# equivalence between FreeBSD and Ubuntu



## Donald Baud (Jan 5, 2018)

I recently found myself forced to work with Ubuntu.
I would like to ask what are the equivalence for some common administration tasks.

What is the equivalent of:

`/etc/rc.conf` 
where do I add the SERVICE_ENABLE="YES" and other flags?
where do I store the ethernet config on Ubuntu?
I read about init.b, upstart and systemd, I'm looking for some simple non-outdated info.

`/usr/local/etc/`
Is Ubuntu storing configs in `/etc`? how do you distinguish between the original Ubuntu configs and the custom added software? how do you avoid messing up the /etc folder?

`ipfw add 10 allow ip from me to any 80`
What is the IPTABLE equivalent?  Is there a short and sweet cheatsheet?

`pkg install www/apache24`
I read about `apt-get` or `apt` but then I have to update a repository in /etc/apt/sources. how does that work?

`portsnap fetch update`
What is the equivalent of our precious ports-mgmt/portmaster?

`freebsd-update fetch install`
would that be `apt-get install dist-upgrade`?

`make buildworld && make buildkernel && make installkernel && make installworld`
how do you recompile world on Ubuntu?

`sysctl -a`
`/etc/sysctl.conf` and `/boot/loader.conf`
`kldstat` and `kldload`

`service apache24 start`

`/etc/resolv.conf`
I see that it is managed from another place, what's the best way to update the nameserver?

`ifconfig em0 inet 10.0.0.1/24`
I noticed that Ubuntu is deprecating ifconfig for "ip" or "ethtool" why is that?

`/bin/tcsh` vs `bash`
How does command-history work on bash? 
I just want to be able to start a command line and "arrow up" the history to find a previous command.
I tried ctrl-R and !! but this seem clumsy, is there something i'm missing?

Please don't add to my misery by starting a flame war on which system is better.
I am a fanatic FreeBSD user who is instructed to manage a Ubuntu server.
I understand that my question would be useful the other way around on this forum. 
I figure that any answer would also help Linux users migrate to FreeBSD.


----------



## rigoletto@ (Jan 5, 2018)

You should ask that in an Ubuntu forum, but:



> /etc/rc.conf
> where do I add the SERVICE_ENABLE="YES" and other flags?
> where do I store the ethernet config on Ubuntu?
> I read about init.b, upstart and systemd, I'm looking for some simple non-outdated info.



You need to learn SystemD, everything is managed using `systemctl` and similar tools.



> /usr/local/etc/
> Is Ubuntu storing configs in /etc? how do you distinguish between the original Ubuntu configs and the custom added software? how do you avoid messing up the /etc folder?



You don't, in Linux everything actually is third party. /usr/local is used for actual custom things you did, and stuff manually installed like .bin software.



> freebsd-update fetch install
> would that be apt-get install dist-upgrade?



IIRC yes.


Forget about automated building from sources, learn how to do it manually if you are interested.

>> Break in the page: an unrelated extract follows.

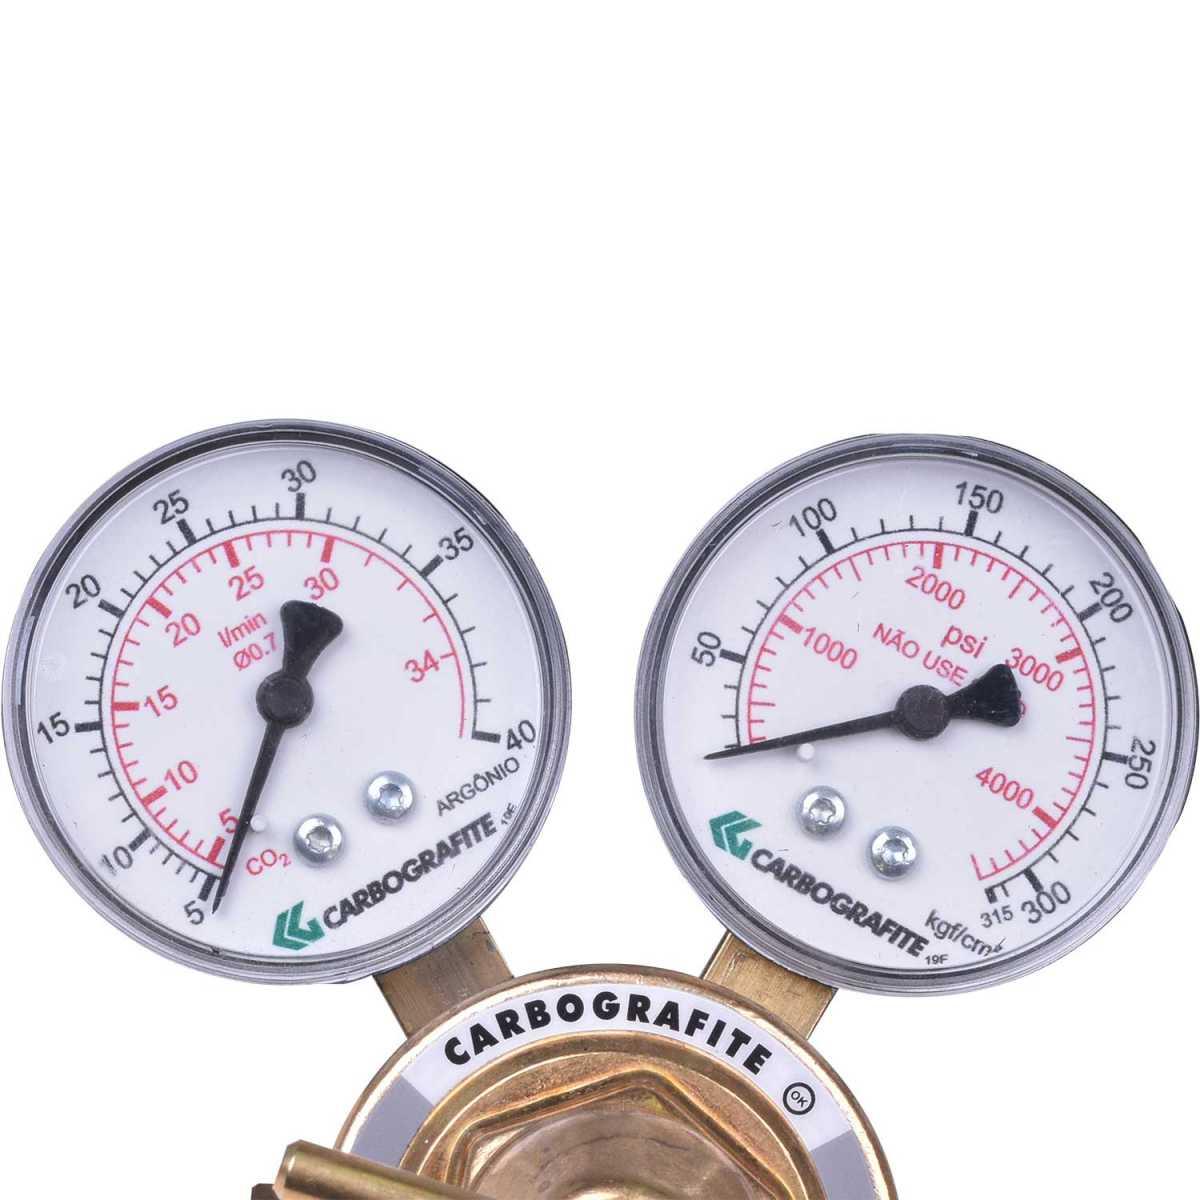 Regulador de Pressão Co2 Serie 700 Carbografite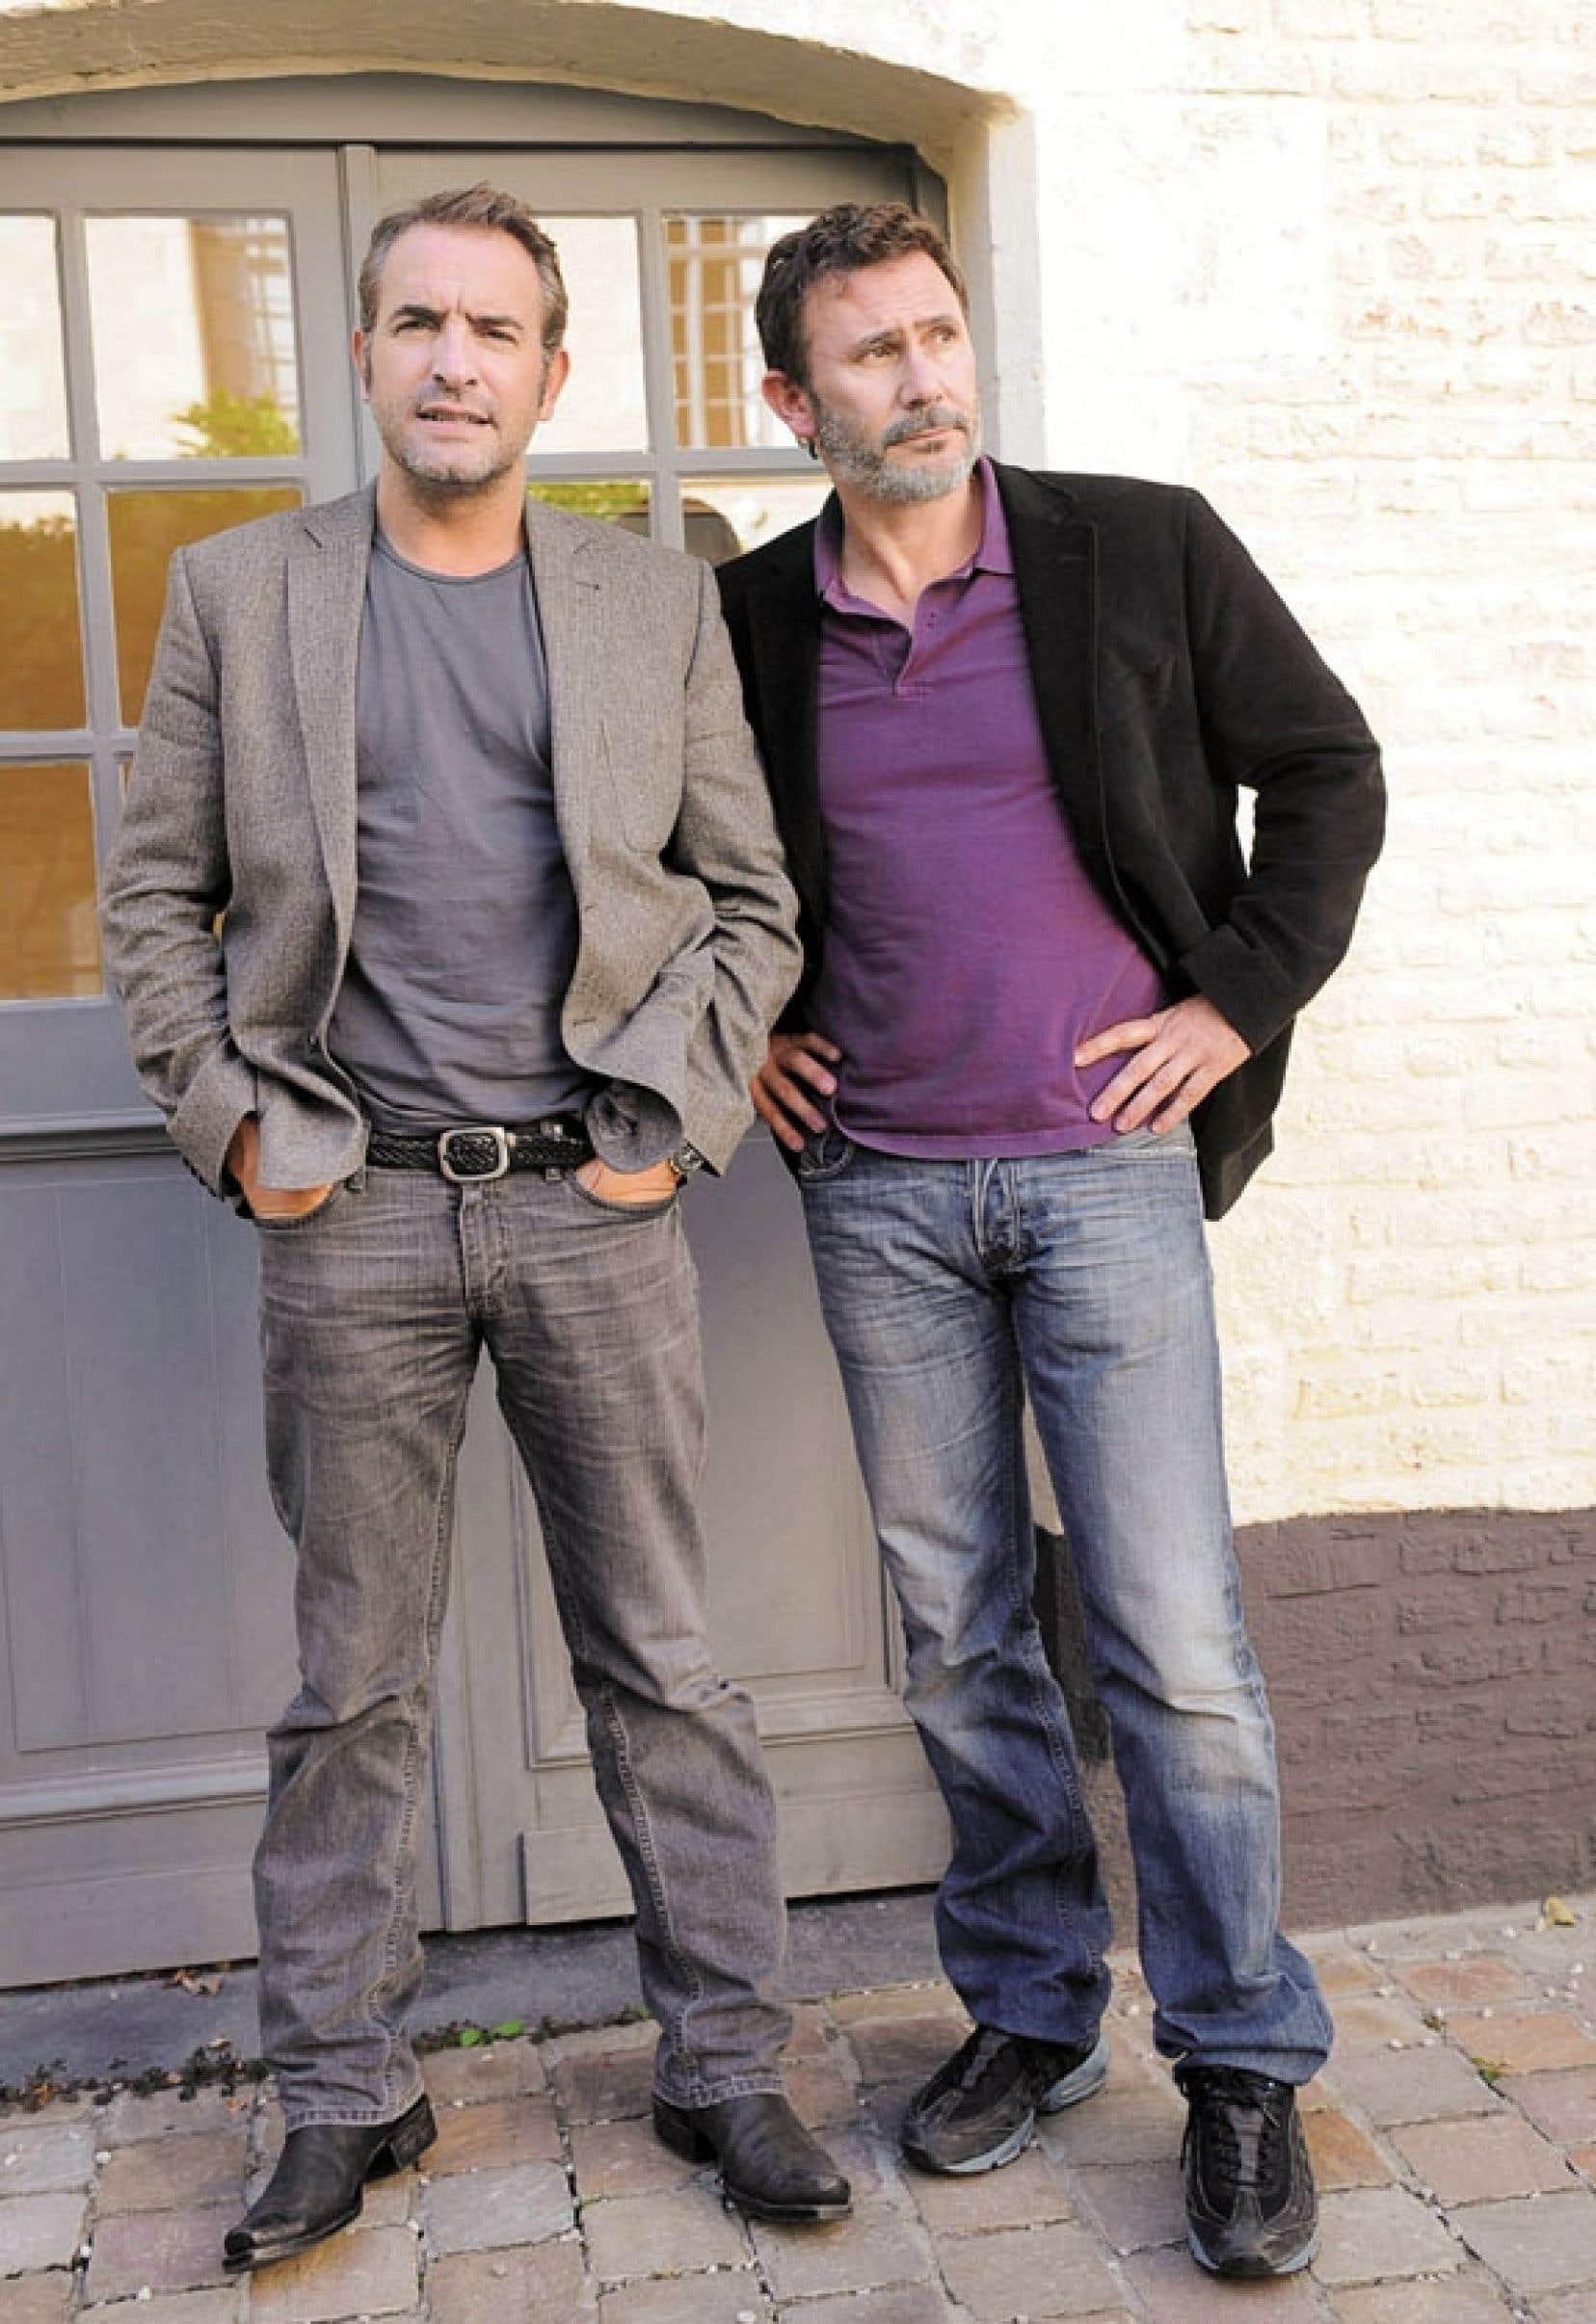 Le président de la Société civile des auteurs, réalisateurs et producteurs, le cinéaste Michel Hazanavicius (à droite), en compagnie d'une grosse pointure du cinéma français, Jean Dujardin, se prononce sur les salaires des stars hexagonales.

Ubuntu is a binary only distribution. 

Btw, the Linux kernel is *A LOT OF* more complicated to configure than the FreeBSD one.

If you need to learn Linux better get a Gentoo box to do it. Just the installation will enlight several things. 

Gentoo has a Handbook too.

EDIT:
Best source for Linux HELP and THIS.


----------



## aragats (Jan 5, 2018)

lebarondemerde said:


> You need to learn SystemD, everything is managed using  systemctl and similar tools.


Not really, you still can switch to OpenRC.


----------



## rigoletto@ (Jan 5, 2018)

aragats said:


> Not really, you still can switch to OpenRC.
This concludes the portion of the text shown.